Der Fensterrahmen stammt aus einem alten Haus in der Lützowstraße und war Teil eines ortsspezifischen Werks von Hermann Pitz dort in der Lützowstraße. Wenig später hat er für eine Ausstellung im Berliner Stadtteil Wedding das Fenster aus dem Haus in der Lützowstraße ausgebaut und hat es in diese kulissenhafte Arbeit im Wedding in der Ausstellung installiert und als solches kulissenhaftes Element ist es Teil dieses Werks geworden, Wedding Therese.

Reber: Jetzt gehen wir von Wedding Therese zu Barbara Bloom, zu einer Art Bibliothek.

Knapstein: Das ist ein Werk mit dem Titel Semblance of a House, eine Erscheinung eines Hauses und man sieht einen Salon mit einem Bibliothekselement, mit einem Spieltisch, der beleuchtet ist und in dem verschiedene kleine Objekte eingebaut sind und eine offene Schrankanlage, mit Schubladen, die halb aus der Wand herauskommen und in allen Elementen findet man kleinen Objekte, zu denen Barbara Bloom Geschichten erfunden hat, sie lässt unterschiedliche Stimmen hier im Raum zu Wort kommen. Und die Besucher sind eingeladen, bei der Bewegung durch dieses Zimmer, eine Sensibilität für die geisterhaften Stimmen, die hier im Raum anwesend sein könnten, zu entwickeln.

"Es hat das Abweisende ebenso wie das Zarte"

Reber: Hier sehen wir jetzt ein Gewölle von Stacheldraht und davor die Überreste einer Baustelle mit Bambusrohren, Schubkarre, einer Autofelge und das ist der Raum von Qin Yufen, wie passt der in Ihre Erzählung?

Gebbers: Qin Yufen ist, als sie in den 90ern nach Berlin kam, auf diese geteilte Stadt getroffen, die zusammenwachsen sollte aber noch nicht ihr gemeinsames Narrativ gefunden hatte. Das, was wir hier sehen, ist zum einen der Stacheldraht der Baustellen, aber es ist auch ein extrem dynamisches Baumaterial, was zugleich biegsam und gefährlich ist. Es hat auch das Abweisende ebenso wie das Zarte, wie Qin Yufen das hier arrangiert hat. Und sie hat es arrangiert auf Bambusstangen, die das Baumaterial in Asien sind.

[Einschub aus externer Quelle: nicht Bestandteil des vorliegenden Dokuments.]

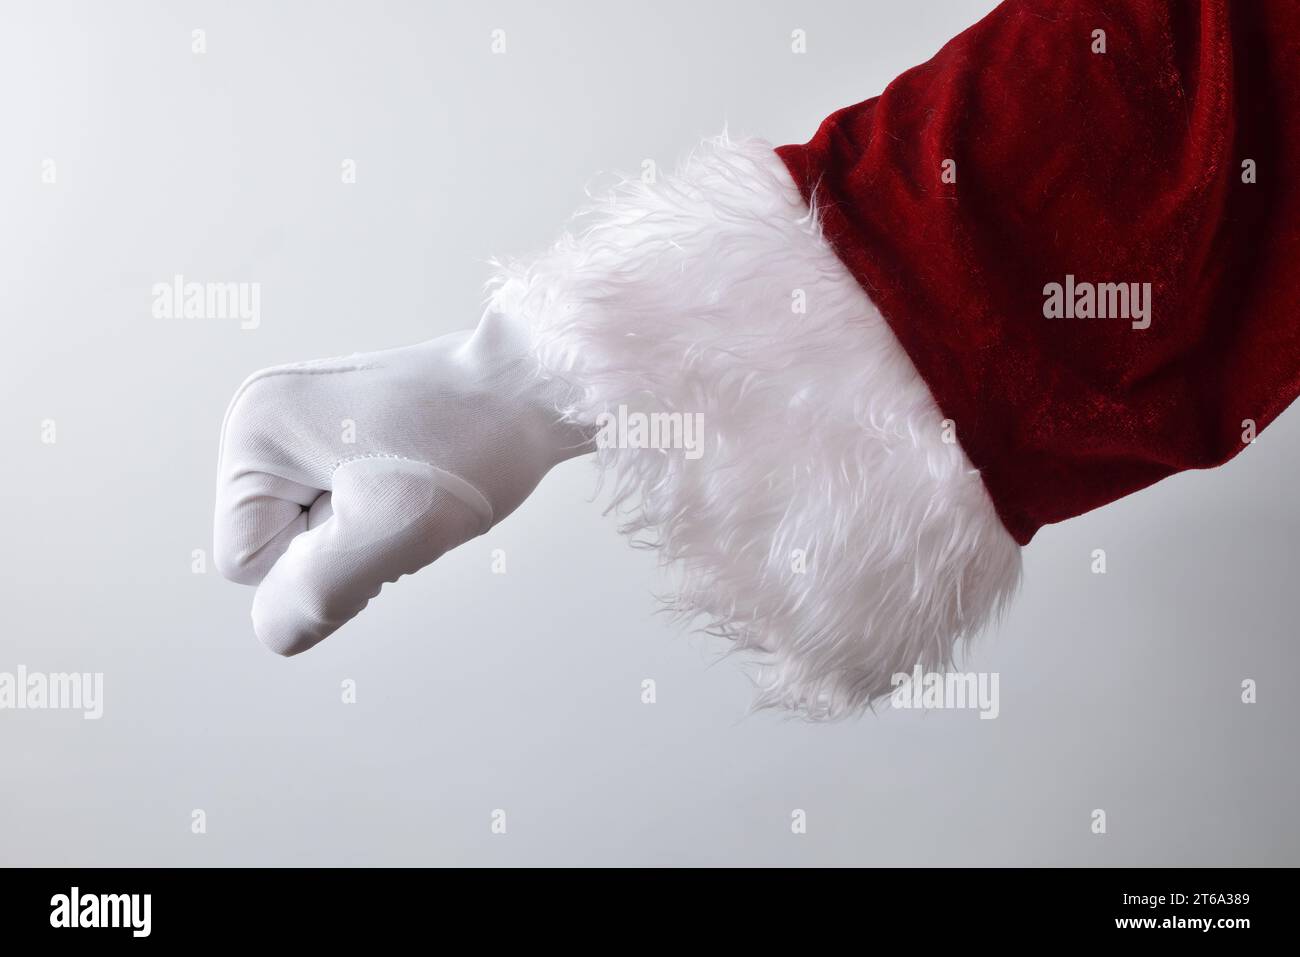 Dettaglio della mano di babbo natale con pugno stringato capovolto nel concetto di impatto con guanti bianchi tradizionalmente vestiti di rosso isolati con sfumatura bac Foto Stock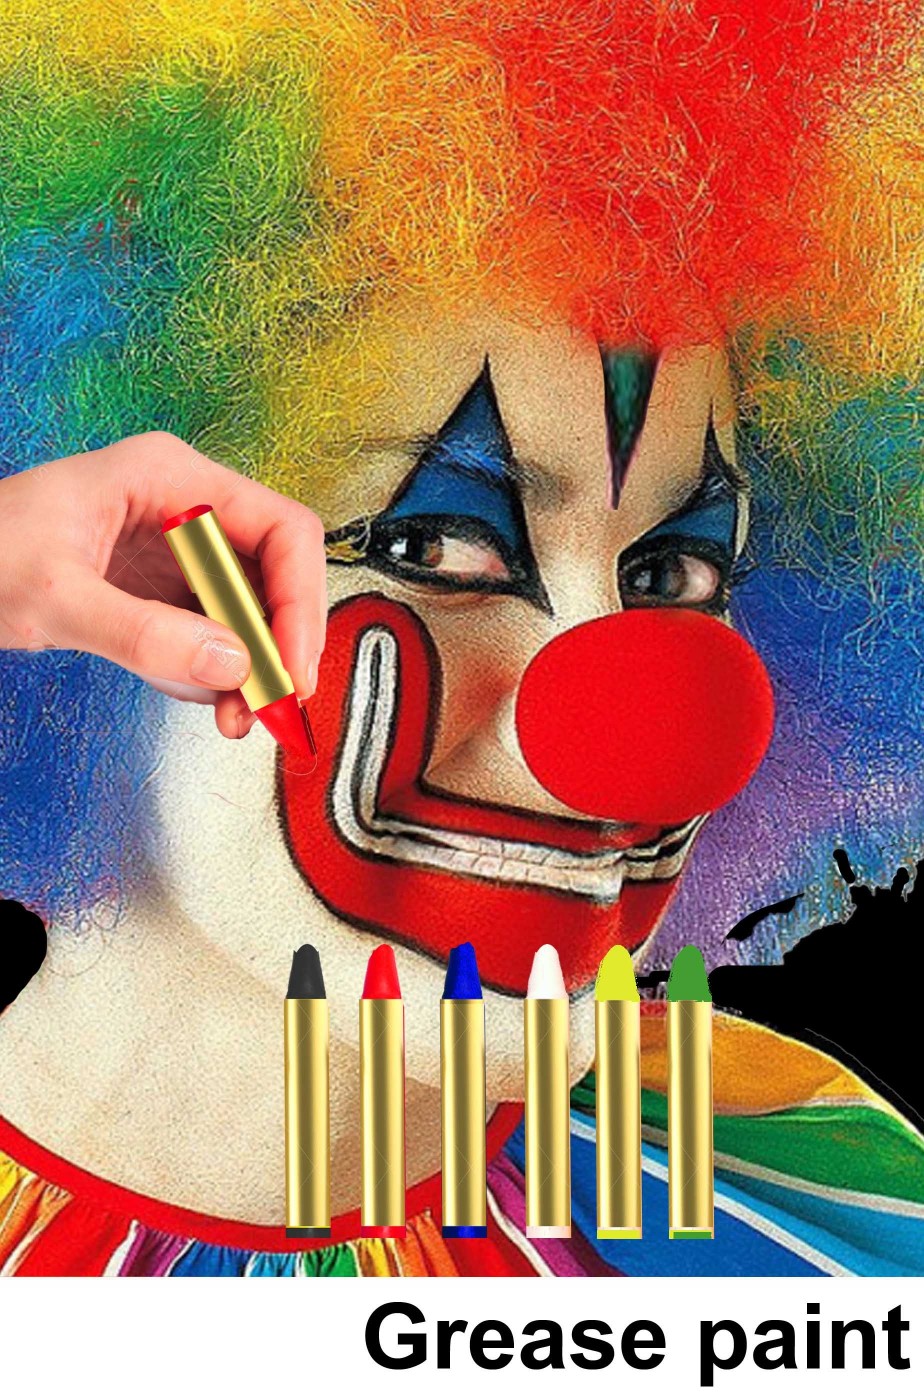 Trucco di carnevale scatola di matite colorate clown pagliaccio

Reber: Wenn man jetzt zurückschaut auf den Gang durch diese fünf Räume, von Ed Kienholz über die Wedding Therese, Barbara Bloom, Beuys, bis hin zu Qin Yufen, was entsteht in dieser Bewegung, in diesem Lauf?

Knapstein: Was uns wichtig ist - und darauf deutet ja auch der Ausstellungstitel hin: "Moving is in every direction", das ist ein Zitat aus den Vorträgen von Gertrude Stein über das Erzählen aus den 30er-Jahren und bei uns hat das "Moving is in every direction", diese Ebene, dass die Besucher durch die Bewegung in den Räumen also in jederlei Richtung sich eine Geschichte denken und finden und entwickeln können. Und das fanden wir ein gutes Prinzip, um die Geschichte der Installationskunst aufzufächern.

Die Ausstellung "moving is in every direction. Environments – Installationen – Narrative Räume" kann vom 17.03.2017 bis zum 17.09.2017 im Hamburger Bahnhof - Museum für Gegenwart - in Berlin besichtigt werden.